Looking into the cause
For Security Association for the Maritime Industry (SAMI) CEO Peter Cook, part of the issue is what he terms the industry’s "reticence" to investigate new technology and all that comes with it. "A year ago [July 2014], we ran our first cyber security event and we came away from that saying ‘is it culture, or is it technology?’" he says.
"There was a lot of reticence because many of the people that are being expected to deal with this are a bit like me, they are grey hairs. Grey hairs are scared of technology because it’s new to us. How many grey hairs are using Facebook? Not nearly as many as youngsters." He adds that this means people stay "at arm’s length", which prevents them from embracing it.
Meanwhile, there is growing desire for increased bandwidth on ships. Cook believes addressing this challenge will require deep thought: "There is going to be that information going backwards and forwards, and again that is more exposure…I think you only need a good imagination to work out [what the consequences could be]."
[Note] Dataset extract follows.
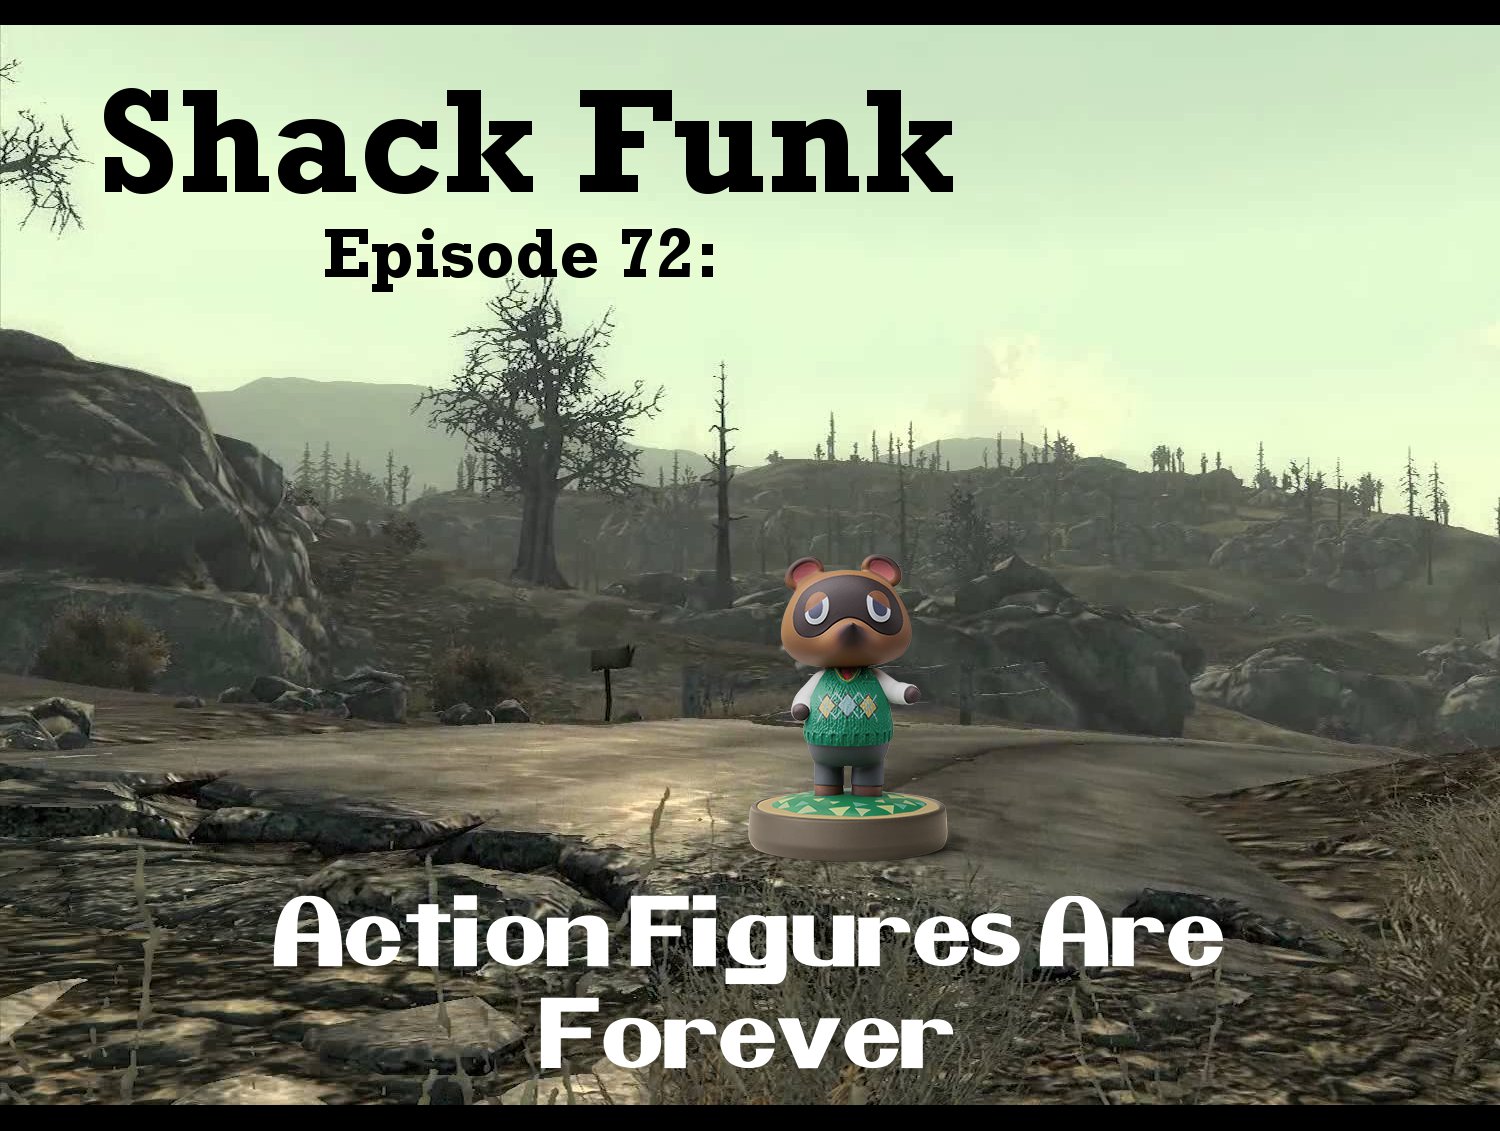 Shack Funk 72 - Action Figures Are Forever
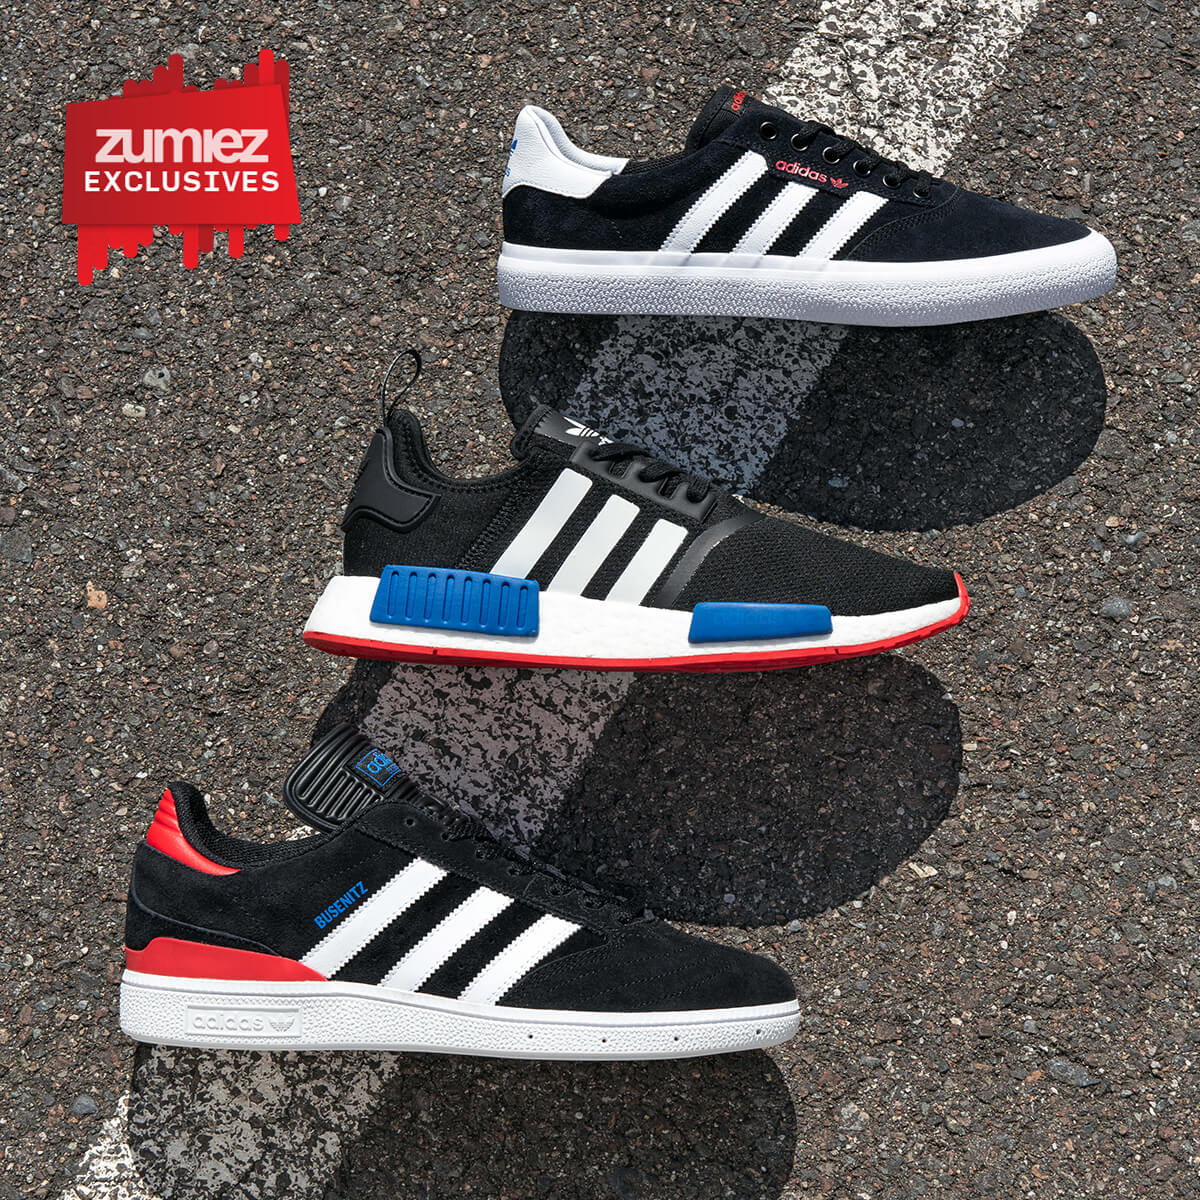 NEW ARRIVAL FOOTWEAR FROM ADIDAS AND MORE - SHOP SHOES

However, while the industry may be slow in welcoming technological change, hackers are not. Persistently evolving, hackers are changing their methods and probing different vulnerabilities. Sørensen describes this as an "ongoing game", adding that, as cyber attacks become more sophisticated, so the solutions addressing them must change too.
Balduzzi calls the evolving nature of cyber attacks as a "severe" problem. "I personally believe that criminals will continue abusing this technology, as we have already seen in the past," he adds. "More and more, any sort of device out there [that] has some software and digital protocol implemented [could be at risk]."
He adds: "In general, I think that in the near future we will see more and more threats related to ‘non-conventional’ technology, what most of us call IoT [Internet of Things]."
Finding a solution
Big shipping companies such as Maersk Line have outlined that they do consider cyber attacks to be a risk, and Sørensen believes there has been growing awareness over the years. "Due to the remoteness of ships, traditionally, some companies may have seen this as a non-important issue, however the awareness and knowledge about cyber issues is growing," he says.
Cook believes that education is pivotal in ensuring this continues to happen: "It takes a long time for culture to be embraced and there has to be a reason for you to do it. It’s the culture that we’ve got to change. It’s the human interaction that is key."
Looking at the industry guidelines, presented at the Maritime Safety Committee in June, the document recommends establishing why cyber security practices are necessary and outlining how personal email, software and social media should be used. It adds layers of guidelines on protecting confidential information and restricting access.
It also highlights the importance of a contingency plan – something Cook speaks passionately about. "I think understanding the problem is number one," he explains. "Number two is then educating your crew about it, number three is formulating procedures that are practical and will work, and number four is ensuring those procedures are utilised and practising your business contingency plan."
One idea floated has been that ships take cyber security experts on board, but Cook says this would be hard to implement given the tens of thousands of commercial ships operating at sea.
Despite some of the pessimism surrounding the ability of ships and owners to thwart a cyber attack, the BIMCO conference and SAMI’s Cyber Security Workshop – held in September with the International Marine Contractors Association – do point to a more cyber-savvy industry beginning to emerge, or one that is at least starting to appreciate the scale of the problem.
Cook says: "I think ten years ago people would have looked at me and said ‘no, [a cyber attack] won’t happen.’ But it is, it has, and it will."